Ignore this advice .. The properties get inlined providing you are running
with JIT optimizations (btw you ARE running with JIT optimizations (i.e.
without debugging by default) right?) ... Please see
http://codebetter.com/blogs/gregyoung/archive/2006/06/11/146343.aspx for
much further explanation. Manually hoisting this may not be a bad idea
though I would have to look at the assembly generated.

Cheers,

Greg

Markus said:
instead of this line:
for (i = 0; i < image.Width*image.Height; i++) {

try to cache the image width/height, as these calls are very slow:

int w = image.Width;
int h = image.Height;
int wh = w*h;
for (i = 0; i < wh; i++) {
//[...]
}

hth
Markus
 
J

Jon Skeet [C# MVP]

Greg Young said:
Ignore this advice .. The properties get inlined providing you are running
with JIT optimizations (btw you ARE running with JIT optimizations (i.e.
without debugging by default) right?) ... Please see
http://codebetter.com/blogs/gregyoung/archive/2006/06/11/146343.aspx for
much further explanation. Manually hoisting this may not be a bad idea
though I would have to look at the assembly generated.

Inlining has nothing to do with the calls being slow. Even if the
properties are inlined, that won't stop the GDI+ call (which I believe
is being made) any faster.

I certainly didn't infer from Markus' post that it was the act of
calling the property method that was slow - I understood it to be that
the calculation of those properties is slow.

It's certainly worth *trying* that advice rather than blindly accepting
it - but I wouldn't *ignore* it either.
 
H

hufaunder

Markus,

Thanks a lot for that suggestion. Actually, after reading this I
remembered that I had a similar issue before and taking the
multiplication out of the loop header did help a lot. At that time it
took me a while to figure this out because the loop did a lot of stuff
and I just didn't think that this multiplication could have been the
reason. Have to upgrade my brain storage retrival...

When writing assembly code I do these kind of optimizations. But
today's compilers are very sophisticated regarding optimizations so the
trival optimizations I leave to the compiler.
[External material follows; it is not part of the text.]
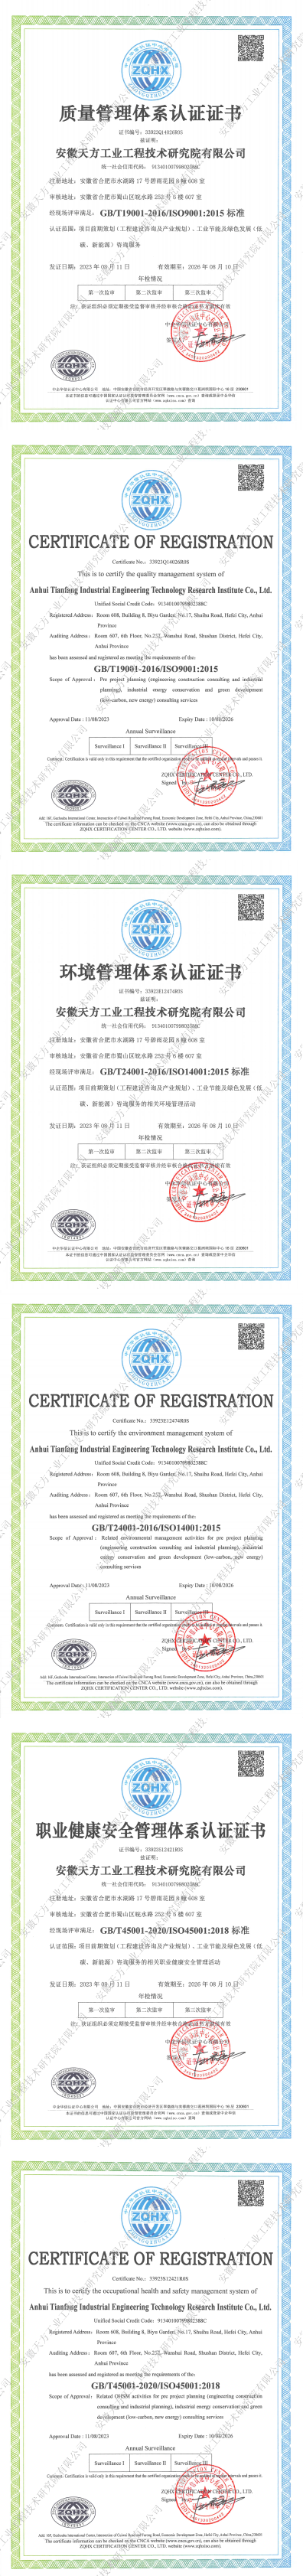 三体系证书-安徽天方工业工程技术研究院有限公司QES(1)(1)_00(1).png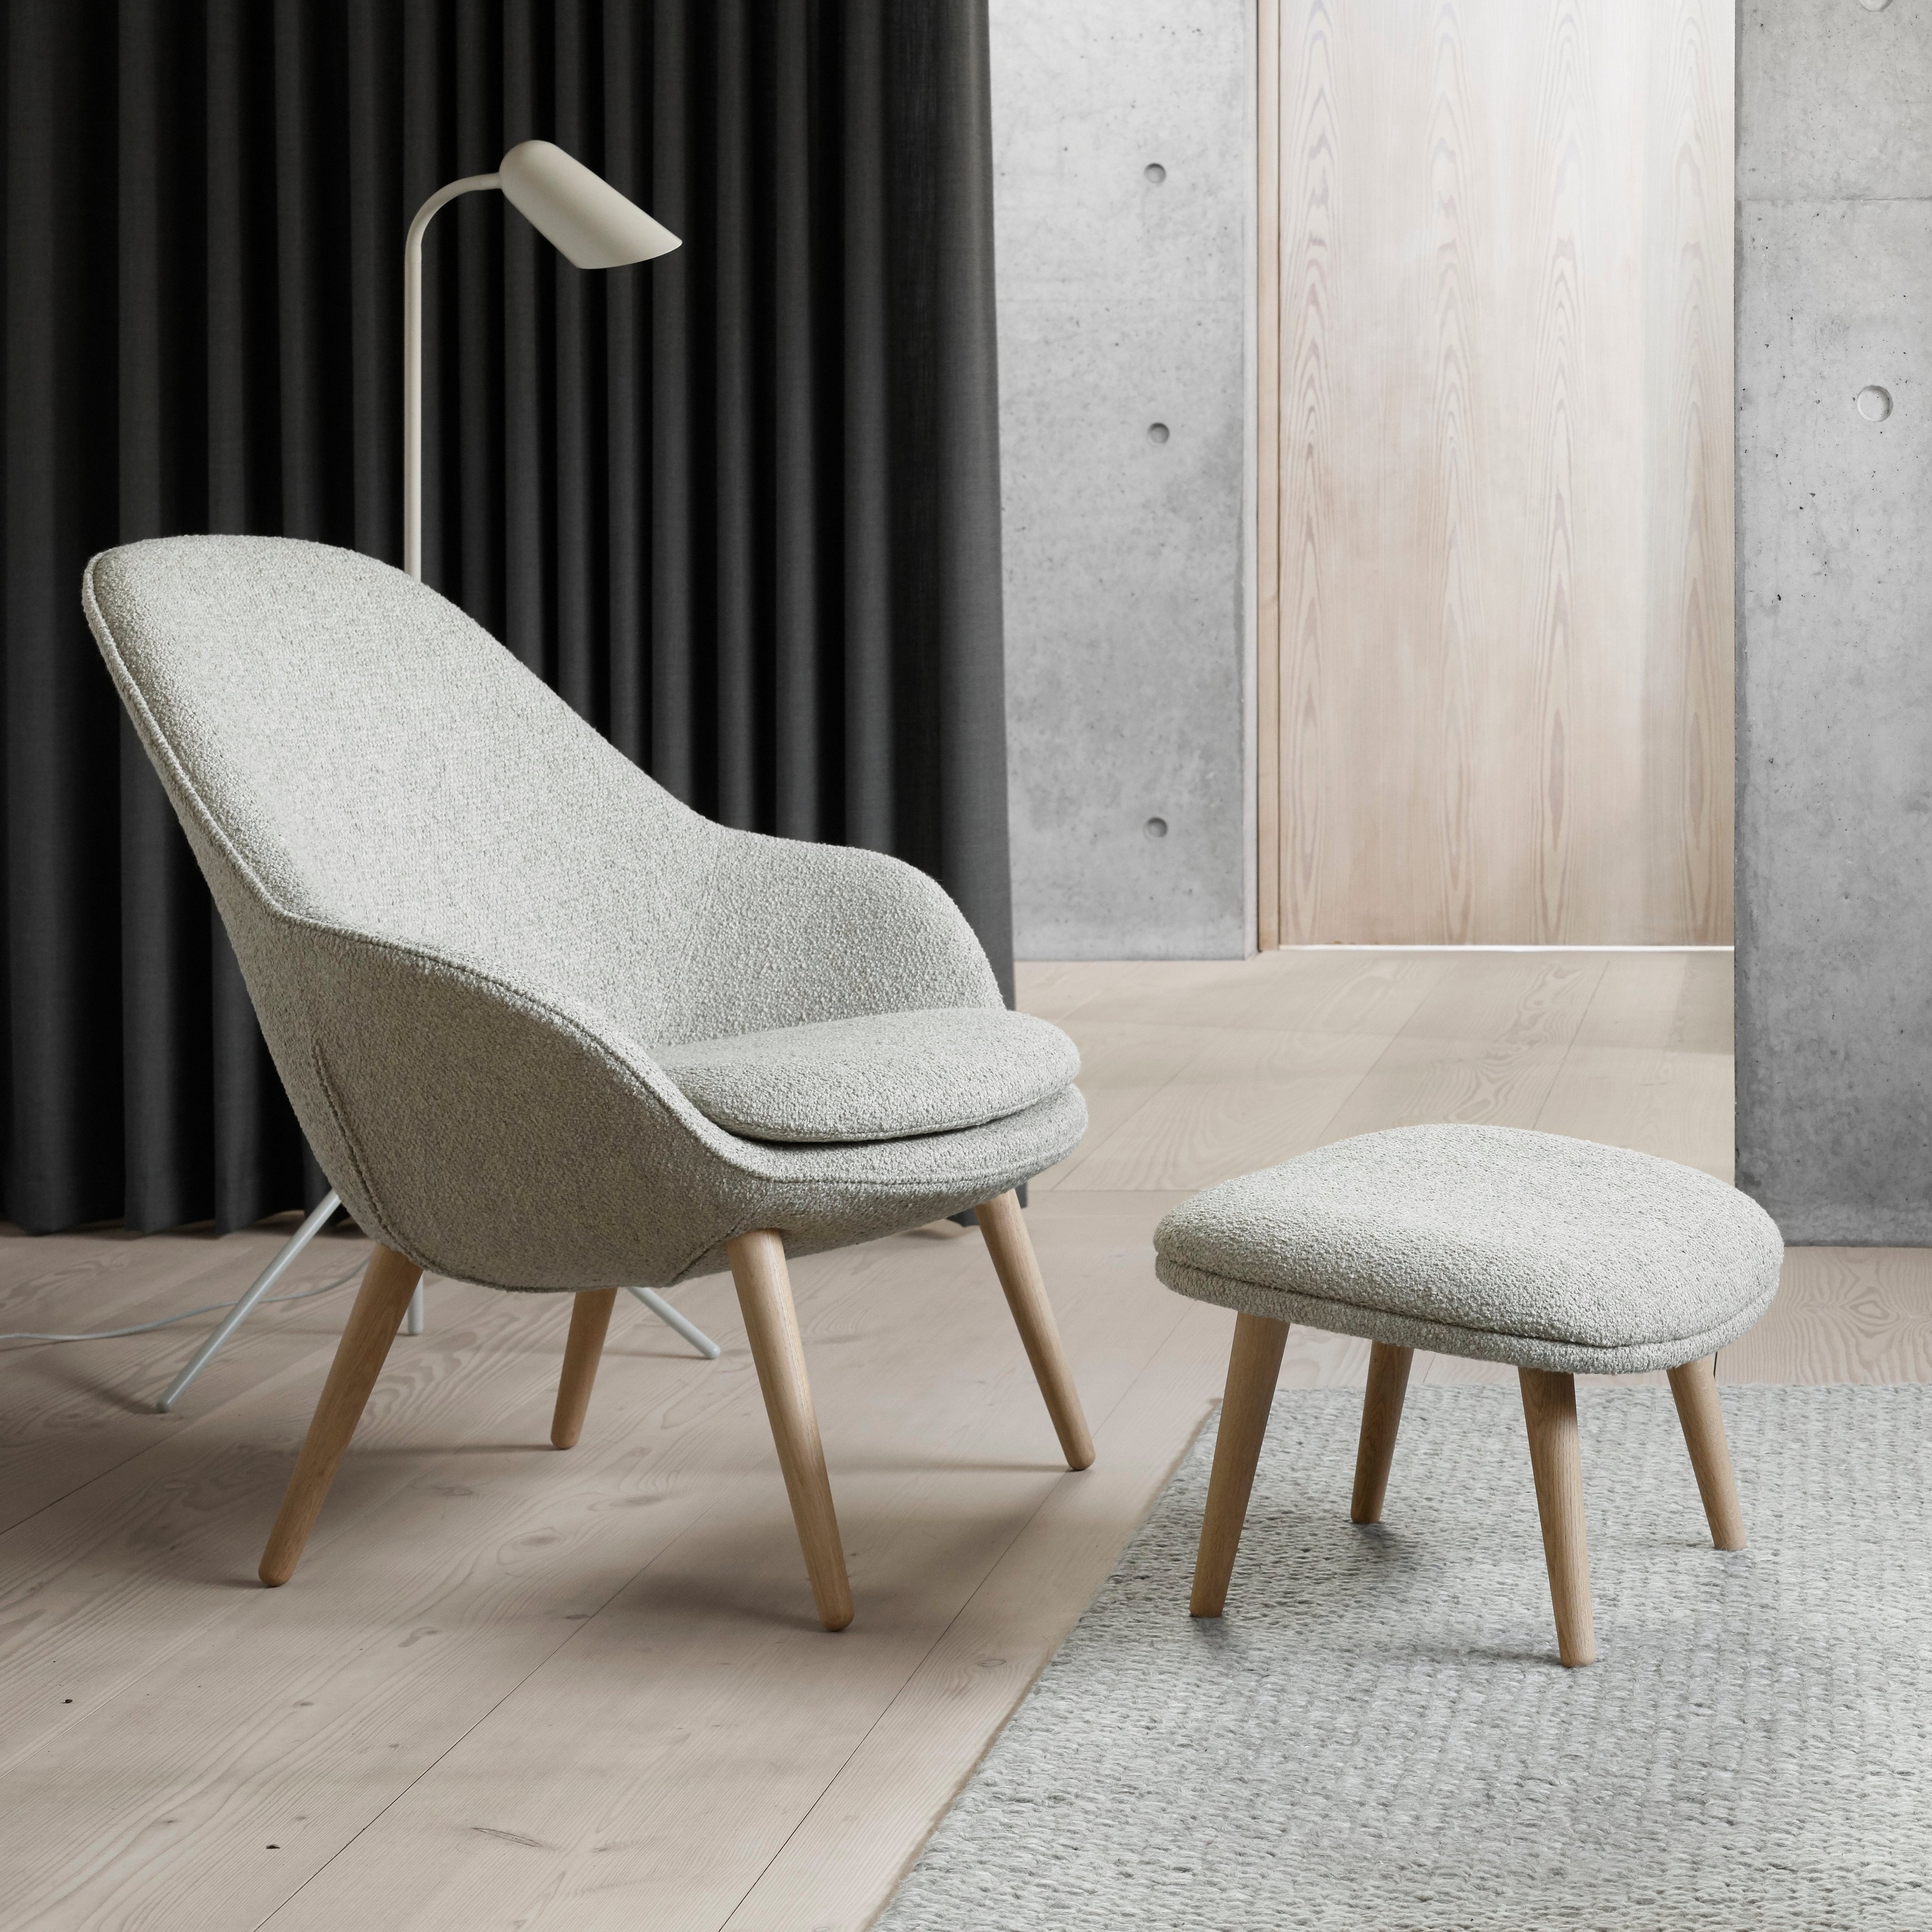 Moderne stol med matchende fotskammel, gulvlampe, mørke gardiner og betongdetaljer.

Well, maybe I shouldn't.
I am extremly astonished that the C# compiler can't do this simple
optimization itself. Note that release is slow, too, not just the debug
version.

Bellow is the disasembled code (debug version). It indeed seems that
getting the dimensions from the image is the problem.

Thanks

FAST:
for (i = 0; i < numberPixels; i++)
00000251 xor edx,edx
00000253 mov dword ptr [ebp-58h],edx
00000256 nop
00000257 jmp 0000033C
....
00000339 inc dword ptr [ebp-58h]
0000033c mov eax,dword ptr [ebp-58h]
0000033f cmp eax,dword ptr [ebp-5Ch]
00000342 setl al
00000345 movzx eax,al
00000348 mov dword ptr [ebp-70h],eax
0000034b cmp dword ptr [ebp-70h],0
0000034f jne 0000025C

About 100x (rough estimate) slower then above:
for (i = 0; i < image.Width * image.Height; i++)
00000251 xor edx,edx
00000253 mov dword ptr [ebp-58h],edx
00000256 nop
00000257 jmp 0000033C
....
00000339 inc dword ptr [ebp-58h]
0000033c mov ebx,dword ptr [ebp-58h]
0000033f mov eax,dword ptr [ebp-3Ch]
00000342 mov ecx,dword ptr [eax+00000144h]
00000348 cmp dword ptr [ecx],ecx
0000034a call 7A25FEA0
0000034f mov esi,eax
00000351 mov eax,dword ptr [ebp-3Ch]
00000354 mov ecx,dword ptr [eax+00000144h]
0000035a cmp dword ptr [ecx],ecx
0000035c call 7A25FEB4
00000361 mov edi,eax
00000363 imul edi,esi
00000366 cmp ebx,edi
00000368 setl al
0000036b movzx eax,al
0000036e mov dword ptr [ebp-70h],eax
00000371 cmp dword ptr [ebp-70h],0
00000375 jne 0000025C

instead of this line:
for (i = 0; i < image.Width*image.Height; i++) {

try to cache the image width/height, as these calls are very slow:

int w = image.Width;
int h = image.Height;
int wh = w*h;
for (i = 0; i < wh; i++) {
//[...]
}

hth
Markus
 
G

Greg Young

I figured they were managed in which case it makes a _huge_ difference ...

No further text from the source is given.